What immediately struck me is the difference in territoriality and exploitation. These are two (of ten) cultural Primary Message Systems (PMS) that control cultural norms and values (Hall, [1959] 1981). Territoriality establishes personal, community, and societal territory, or the use of space, including the rules associated with personal space of, or between, individuals. Exploitation controls the rules and practices associated with the use of tools and the environment as extensions of societal and individual needs. In a way these two PMS have some parallels.

Territoriality

Ho Chi Minh City: Much commerce in Ho Chi Minh City is carried out on the roadside. Stores have ‘touts’ with the objective of luring people inside or to the store. Many hundreds of stalls are set up on the sidewalk itself, even right on the kerbside to lure the riders of the seemingly thousands upon thousands of motor cycles and scooters tearing about. Even motor cycles and scooters claim territory not rightly theirs, for example they will ride the opposite side of the road or the sidewalk to avoid heavy traffic and/or red lights. And unless they are stopped at a red light (but one still needs to watch for vehicles coming through), traffic does not yield at pedestrian crossings at all – one must ‘run the gauntlet’ and dodge the vehicles (mainly motor cycles and scooters) tearing past. One can buy anything (anything!) off the street – including little dogs (please don’t ask!), other animals such as little piglets, all kinds of birds including crows, and many, many things – some things I just did now know what they were. Getting into one’s personal space is not an issue to the determined tout. If one gets too close to a store, especially in the markets, one is physically grabbed by the arm and quite forcefully dragged into their space and ‘worked over’ for a buy.

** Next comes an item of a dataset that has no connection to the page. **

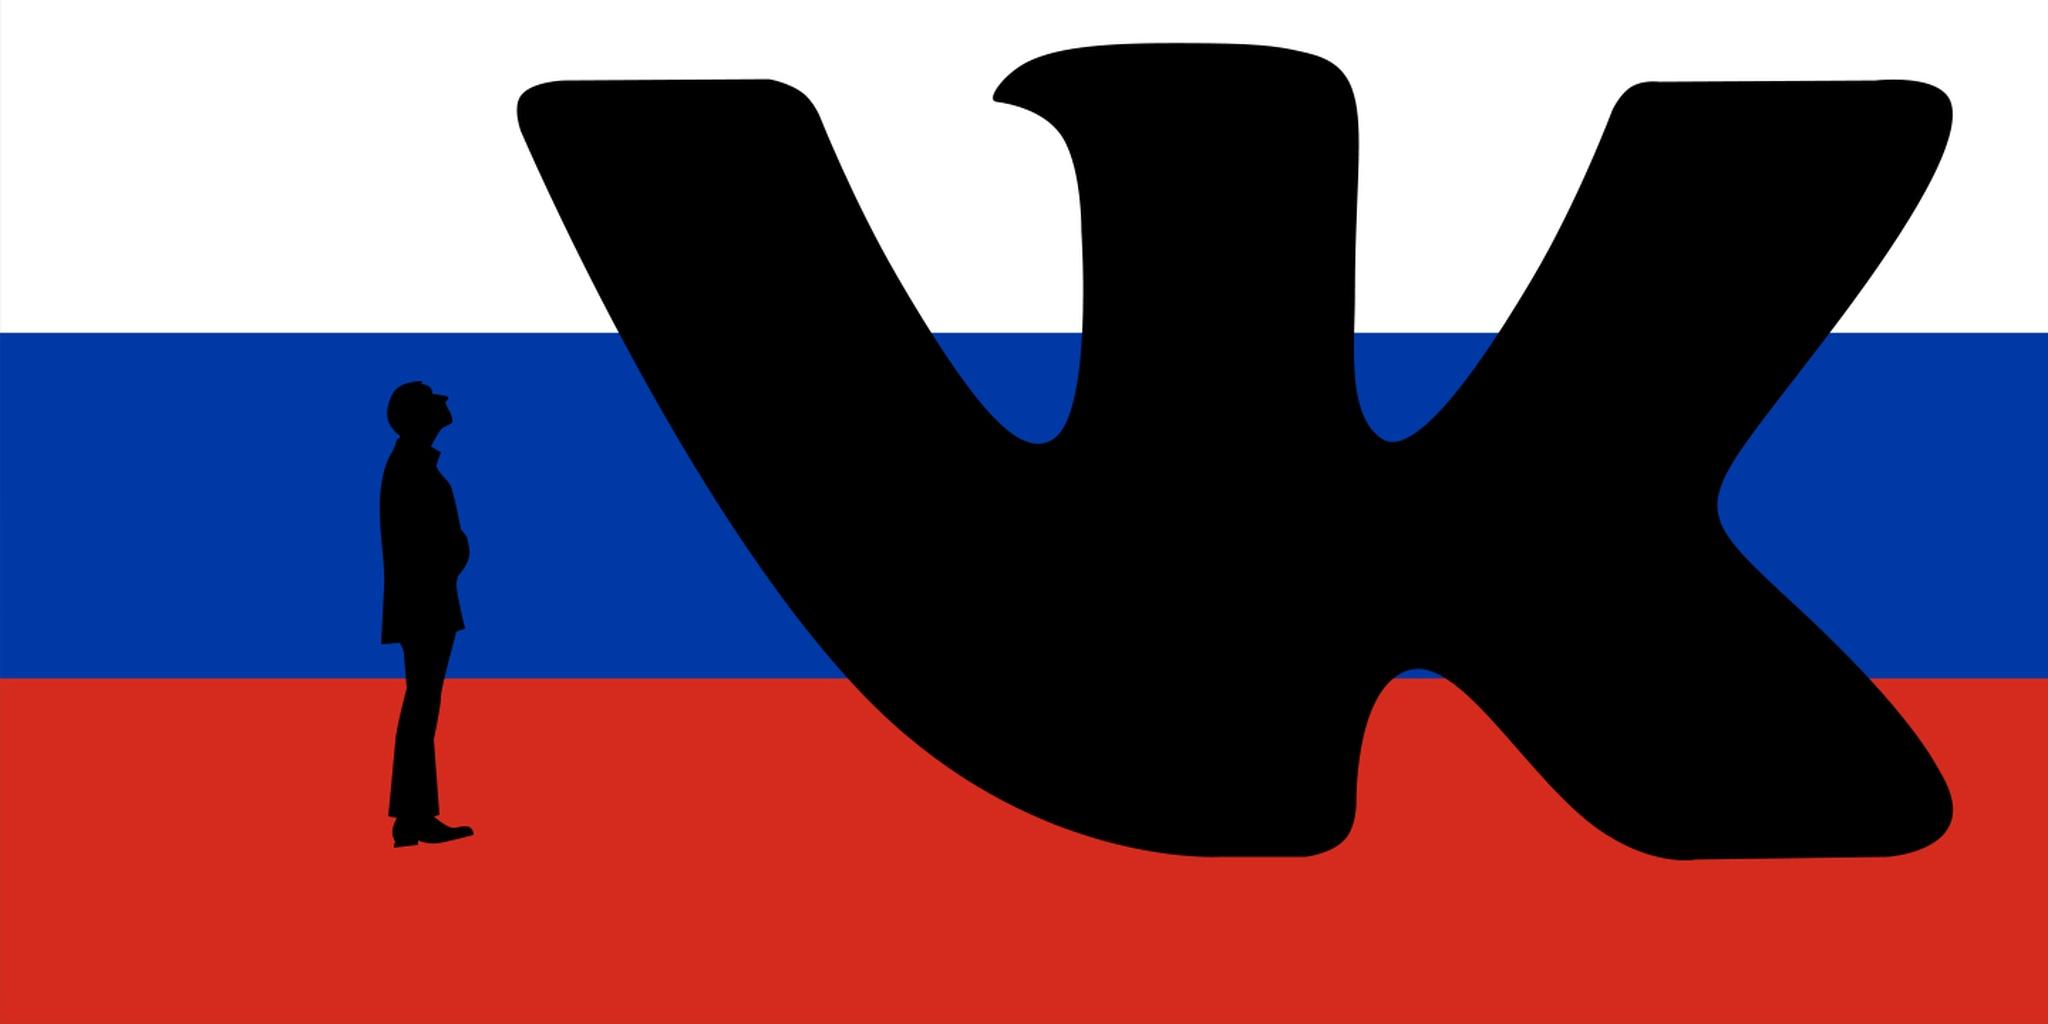 vkontakte-resignation.jpg (1440×720)

Copenhagen & Kristianstad: There are market stalls, but not on the roadside as such but in designated market areas such as a town square, with goods for sale limited to curios, souvenirs, crafts, food, and the like. There are no touts trying to lure you to these market stalls, nor into the stores. Traffic - and pedestrians! - are almost completely law-abiding, observing all the traffic and crossing signals. In the cobbled shopping precinct areas, vehicles even yield to pedestrians – unheard of in Ho Chi Minh City! When one enters a store space, one is cheerfully greeted but not ‘set upon’, and then politely attended to once one indicates a purchase is a possibility.

 

Exploitation

One can glean from the above that exploitation of the shopper’s dollar is a primary objective in the markets of Ho Chi Minh City, and exploitation of the available land for stalls and extensions to stores is also prevalent. In one street I walked along the store front had been extended out so far that there was no sidewalk left to walk on, and stepping onto the road in such traffic is not to be taken lightly! However, everything is neat, clean and tidy, and ‘in its place’ in Scandinavia. It is also much, much quieter! I believe ‘bargaining’ falls within this PMS, as bargaining is exploitation of the shopper’s available dollars on the one hand, and exploitation of the seller’s margins on the other. No bargaining in Scandinavia, well, not generally anyway. In Ho Chi Minh City however, bargaining is the norm in many stores, especially in the markets, and even some taxis and other forms of transport. It is interesting haggling over a low cost item. The exchange rate is 16,000:1 $US. This means that one can spend several minutes haggling over the difference between 50,000 and 35,000 for an item, if successful thereby getting a reduction in the buy price of 15,000 – less than $US1 !

 

clip_image002 clip_image004
Oh, where’s the sidewalk gone? Mmm, how do I get across here?
clip_image006 clip_image008
Oh, where’s the traffic? Everything clean, tidy, and in its place.

 

Primary Message Systems

Territoriality and Exploitation are just two of 10 cultural Primary Message Systems identified by the anthropologist Edward T. Hall ([1959] 1981). It is within these 10 PMS that study abroad sojourners will experience cultural difference, and, probably, some culture shock. The others are:

· Interaction: Interaction lies at the hub of culture and everything grows from it. This represents all forms of communication including linguistic interaction.

· Association: Association establishes social networks within communities. Levels of status are established within this PMS. Hall, ([1959] 1981: 38-40) refers to this as the ‘pecking order’.

· Subsistence: This PMS controls nutritional requirements along with the rituals and rules associated with food and eating. This PMS also establishes the norms and ‘rules’ around status and manual labor.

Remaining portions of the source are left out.